- Half Hell Location in North Carolina Half Hell Location in the United States
- Coordinates: 34°2′26″N 78°9′19″W﻿ / ﻿34.04056°N 78.15528°W
- Country: United States
- State: North Carolina
- County: Brunswick
- Elevation: 30 ft (9.1 m)
- Time zone: UTC-5 (Eastern (EST))
- • Summer (DST): UTC-4 (EDT)
- GNIS feature ID: 1020587

= Half Hell, North Carolina =

Half Hell is an unincorporated community in Brunswick County, North Carolina, United States.

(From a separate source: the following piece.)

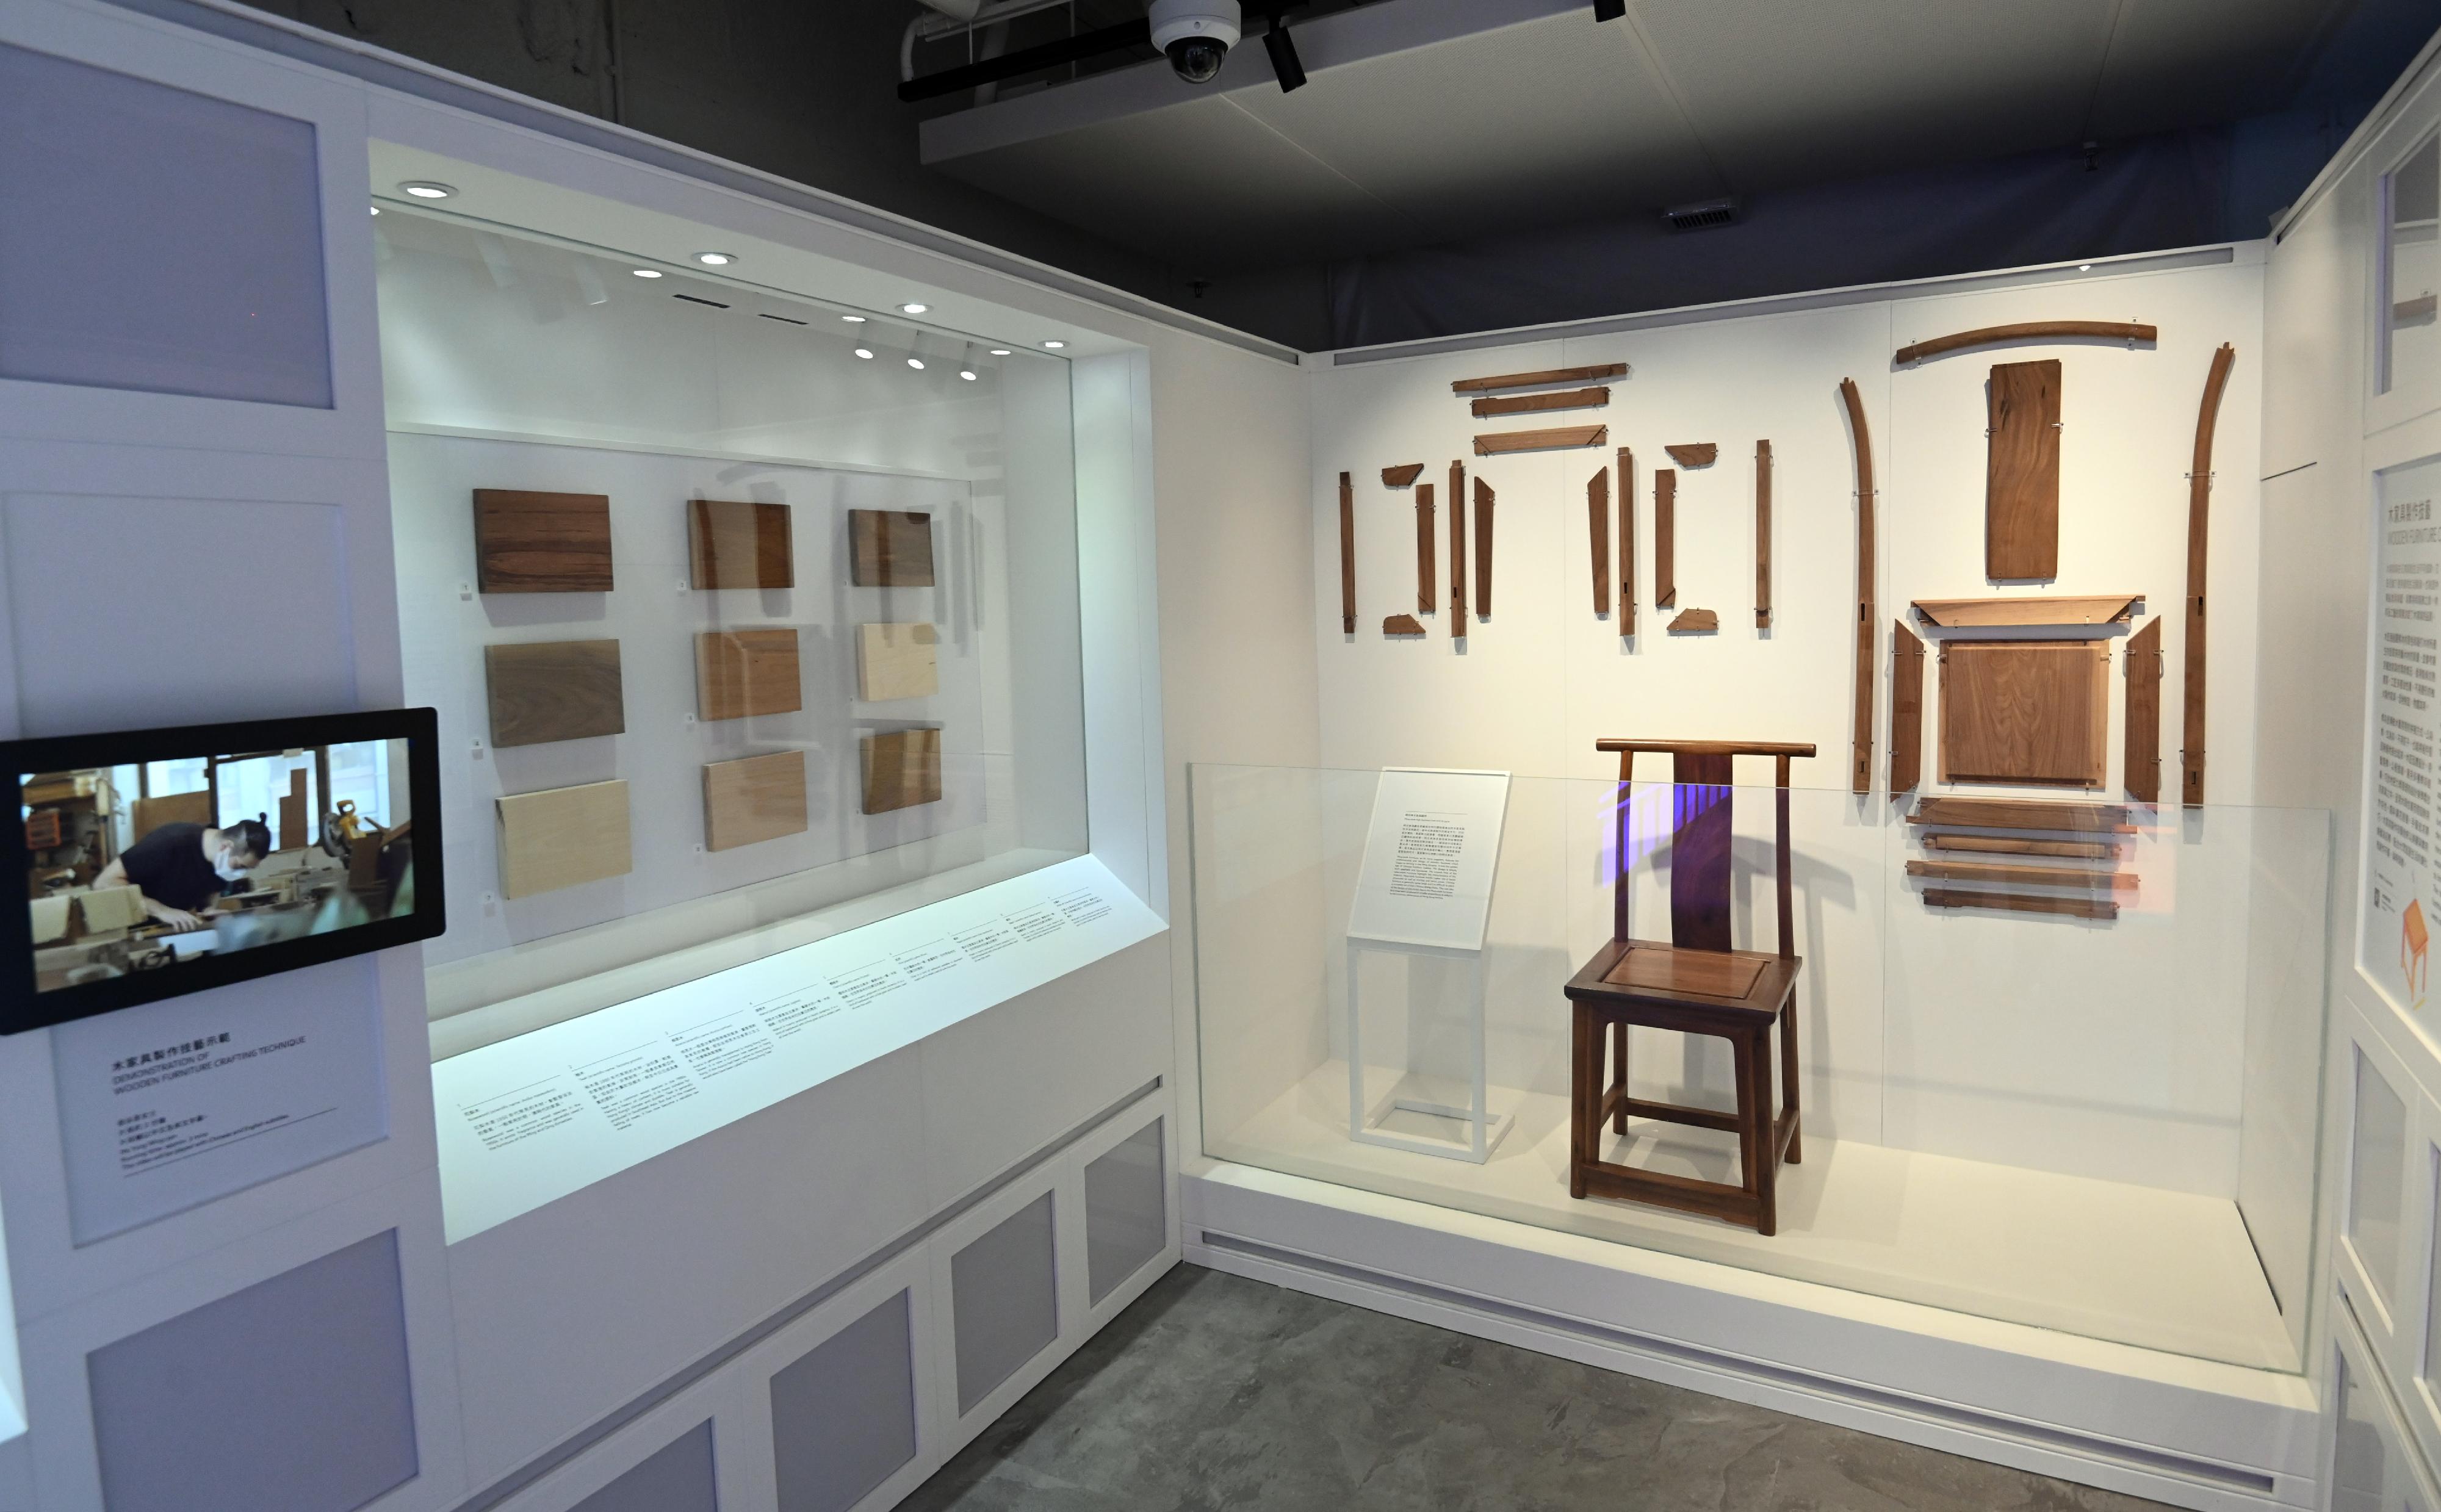 A new exhibition, "Traces of Human Touch", organised by the Intangible Cultural Heritage Office will be open to the public from tomorrow (May 19). Photo shows exhibits of the intangible cultural heritage item, wooden furniture crafting technique.

The settlement is located on Highway 906, approximately 2 mi south of Bolivia. "Half Hell Swamp" is located approximately 2 mi south of Half Hell.

==History==
The settlement's name may have originated in the 1800s when settlers migrating south encountered dense swamps located there. Unable to cross, they settled at that location "halfway to hell". The name "Half Hell" may have also originated from the area's early reputation for illegal activities, particularly moonshining. Finally, the name may have been a reference to the midway point—"half way to hell"—for local farmers traveling to Southport to pay their taxes.

Greenlands Farm is located in Half Hell. The Half Hell Folk Festival was held at the farm in 2015 and 2017.

Half Hell is also home to Half Hell's Horses and the Brunswick County Buckers youth riding club.